Affects Version/s: 3.9.4
Fix Version/s: None
So, I was encouraged to post my story here, to prevent it from happening to others.
And to help finding it in case someone else runs into this. In case this leads to a discussion or code changes, feel free of course to change Issue Type and Summary.
Please do not judge. They were young and didn't know what they were doing.
That's a follow up from my HTTP 206 partial content requests flooding Apache forum post.
So, what happened: January 5th. Mail comes in by a student. He doesn't see a image in a quiz question using Safari.
Over time, we notice: a lot of repeating requests for files, mainly images. Delivered then with HTTP 206 partial content statuses. But lots of requests for the database.
Things went bad and even more bad since semester started to end and exams began being conducted: lots of user in the line. Waiting times of half a minute to jump from one quiz page to the following etcetera. Average page loading times raising and raising.
Measures: Proofchecked the Database. Tweaking cache and parameters. Increased processors. Divided on several systems. (We're on a PHP7-FPM, PostgreSQL 12, Moodle 3.9.3 btw).
Finally, February 1st, the reason for this turns up. Quickfix setting $CFG->disablebyteserving = true; helps turning performance back instantly (Thanks to guy thomas of Titus Learning!).

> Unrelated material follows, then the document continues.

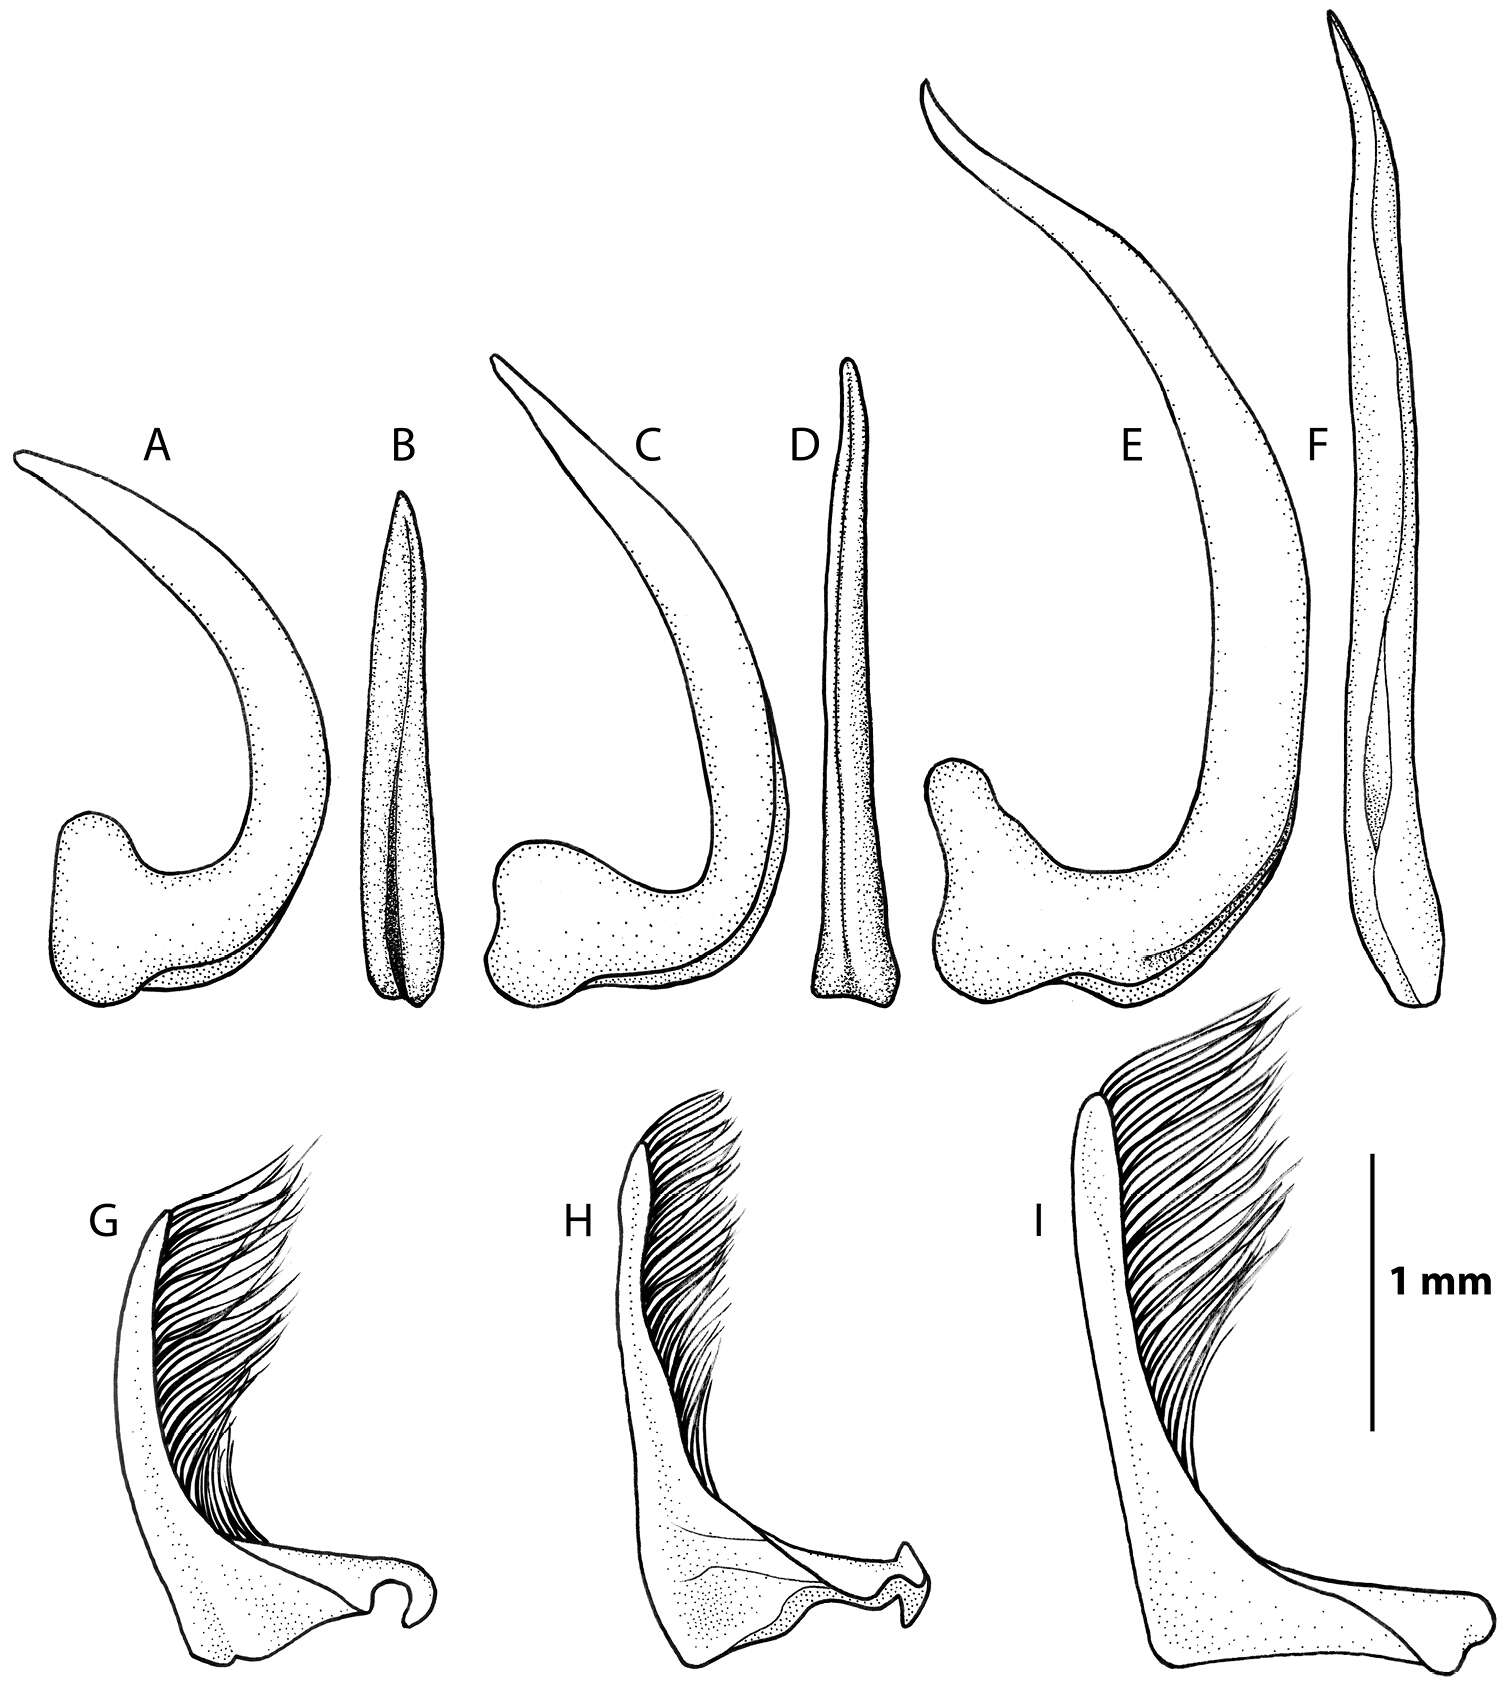 Image of Rhantus (Rhantus) latus (Fairmaire 1869)

But Safari still not displaying all images.
The cause was a system engineer feeling having to do something about free diskspace shortage and going to compress all png files in moodledata on December 23rd.
The effect didn't kick in until the return from christmas break, when students returned in large numbers.

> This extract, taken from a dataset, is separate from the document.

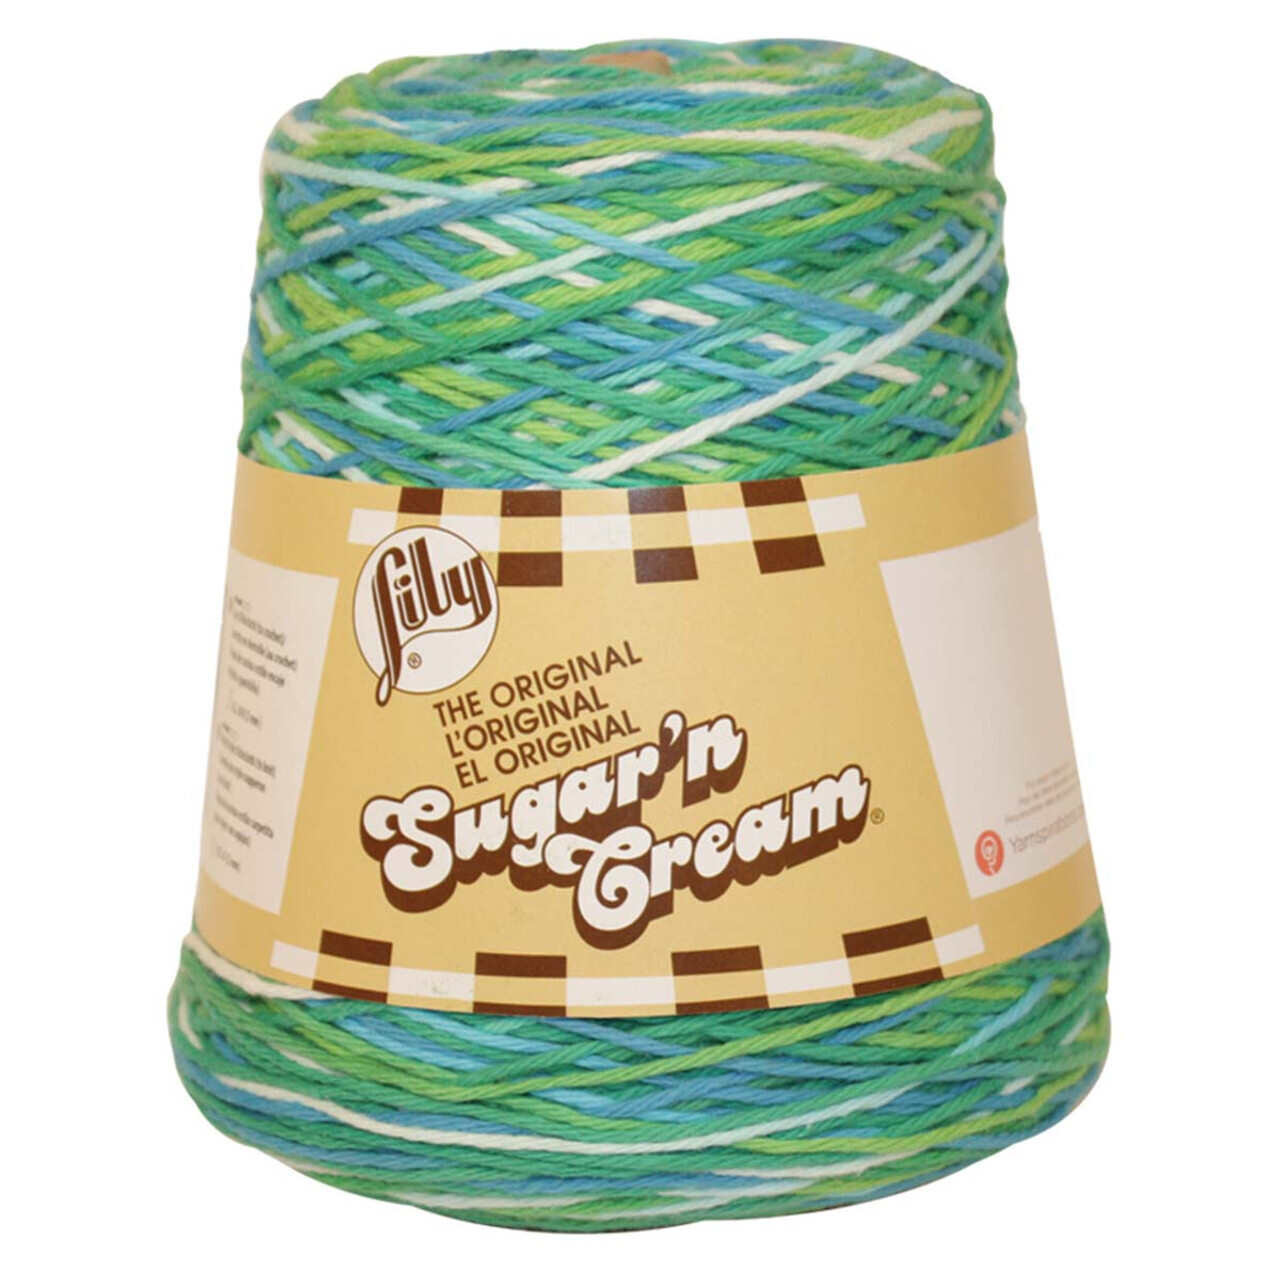 Lily Sugar 'n Cream Cones Yarn

The checksum of the compressed files not corrisponding to their filenames must have caused the chain effect to finally overload the db by passing through some browser hammering request then served with 206 partial content letting them continue to fire request.
That's my own naïve way of putting this.
Surely someone more savvy could break that down in a more wise way.
I'm not saying we should do something about this behaviour, not knowing the reason of it. Just putting that down here.